BETTER THAN PERFECT?

“So, Mario, which one is best?”

I figured someone would ask me that. The only honest answer is, “No one knows.”

Look, an uncompressed digital signal could be considered to have a compression ratio of 1:1. Compressed signals will have higher ratios. But for most program material, there will be a compression ratio or data rate where the system is either lossless or at least perceptually lossless.

If it’s operating at a lossless ratio, it’s no different from uncompressed. If it’s no different from uncompressed, it’s perfect. If it’s perfect, how can anything be better? Moral of the story—at high-enough data rates (or low enough compression ratios), all compression systems are perfect.

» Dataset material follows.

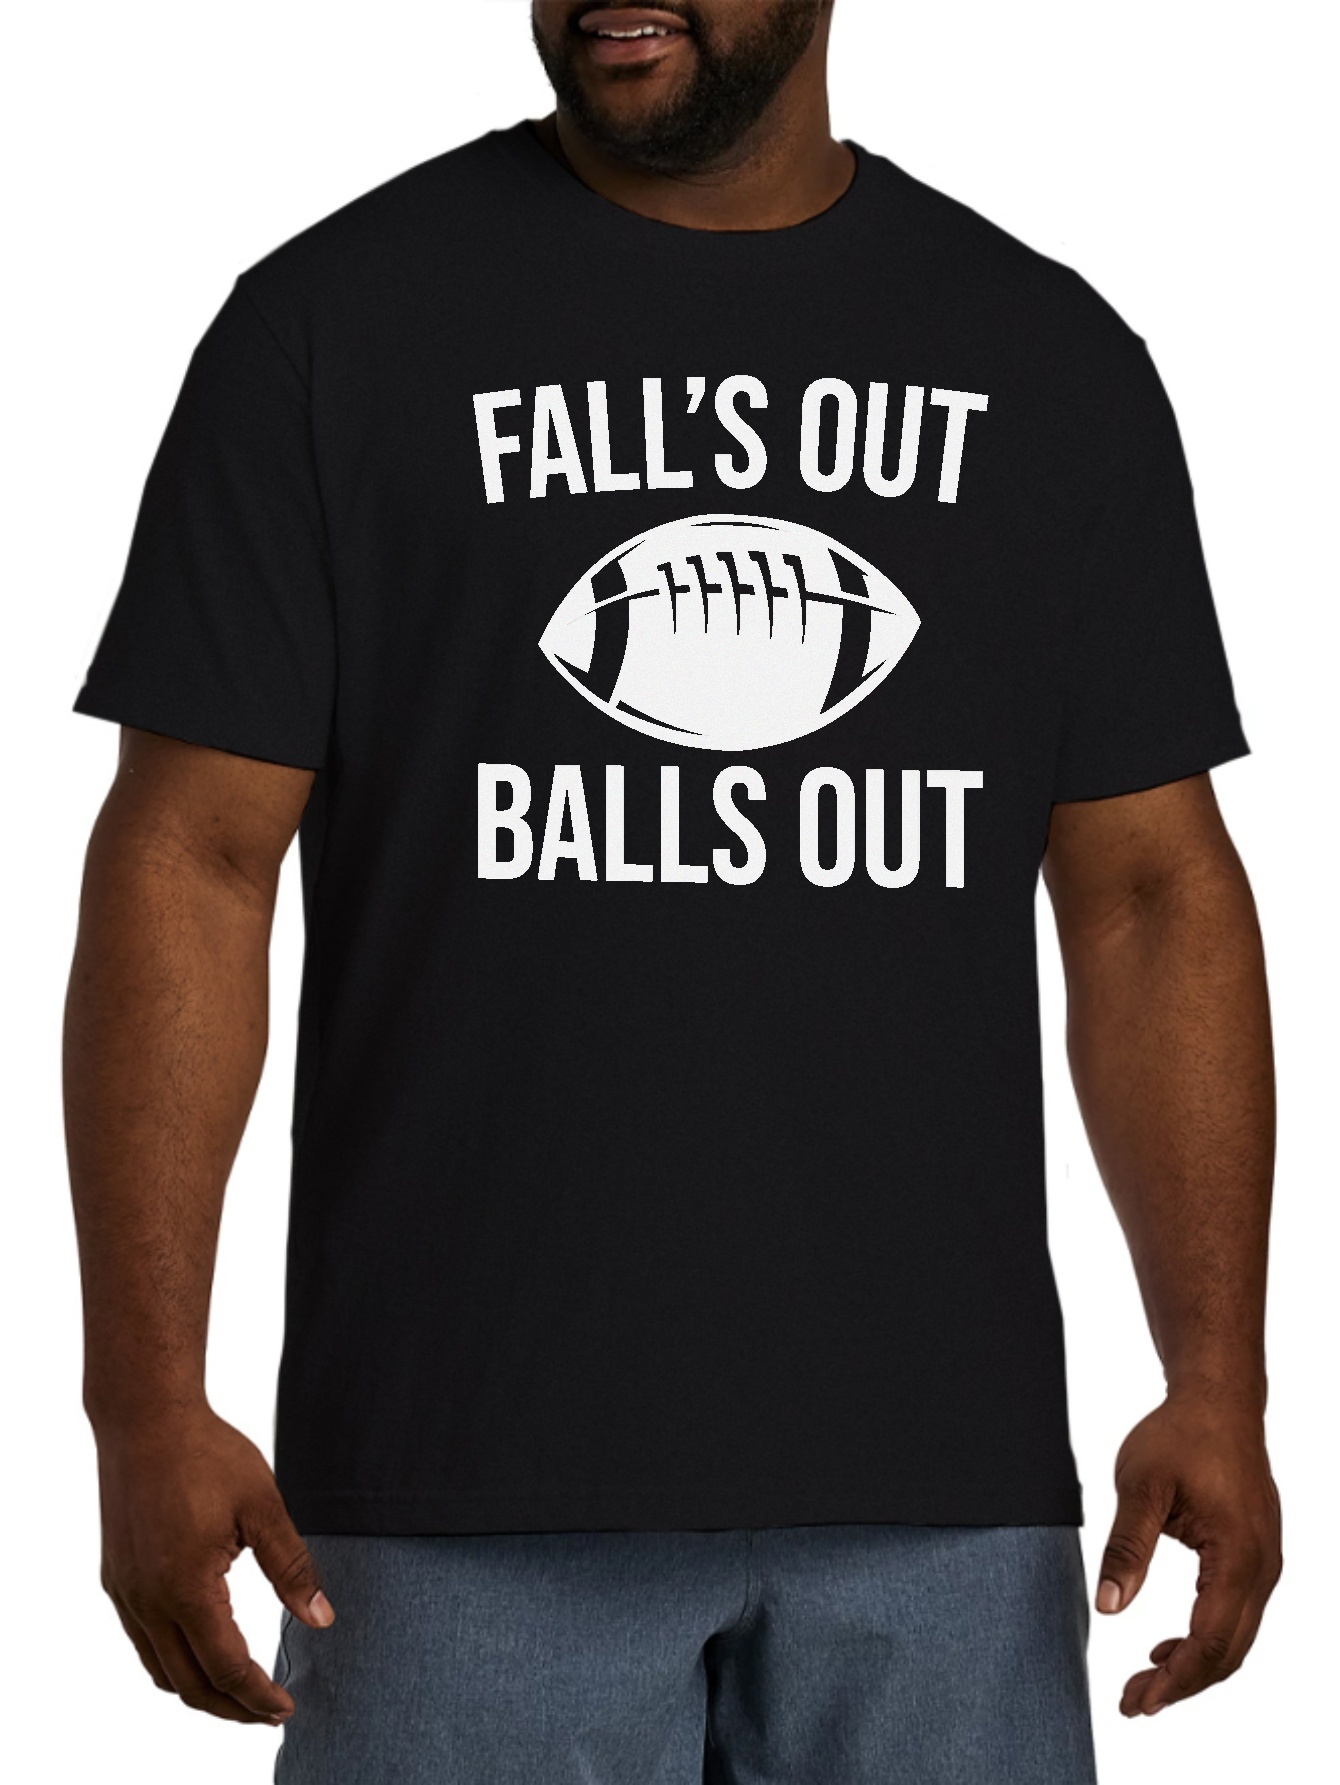 Temu Oversized T-Shirt for Men, American Football Fall's Out Balls Out Graphic Print T-Shirt Short Sleeve Tees Casual Fashion Tops for Summer, Men's

“But, Mario, what about higher ratios or lower rates?”

I figured someone would ask me that, too. This time the only honest answer is, “It depends.”

It depends on what you want. At 1 Mbps, no compression system I’ve ever heard of is going to deliver flawless HD. Maybe one will deliver blocky pictures and another one soft pictures. Which one do you like better?

Maybe one seems to need a higher data rate but offers award-winning multigeneration performance, and another seems to need a lower data rate but falls apart after a few generations. Which one of those meets your needs better?

One might have a very nice failure mode. One might offer multiresolution decoding from a single bitstream. One might offer cheaper decoders, another cheaper encoders.

COMPRESSION BUFFET

Maybe one ain’t best at any of those things, but draws the least power. That could be a big plus in a camcorder.

Long-GOP encoding improves compression efficiency but can make compressed-domain editing a pain. You pay your money, and you make your choice.

Think MPEG-2 is dying and we’ll have a single compression standard? How touching.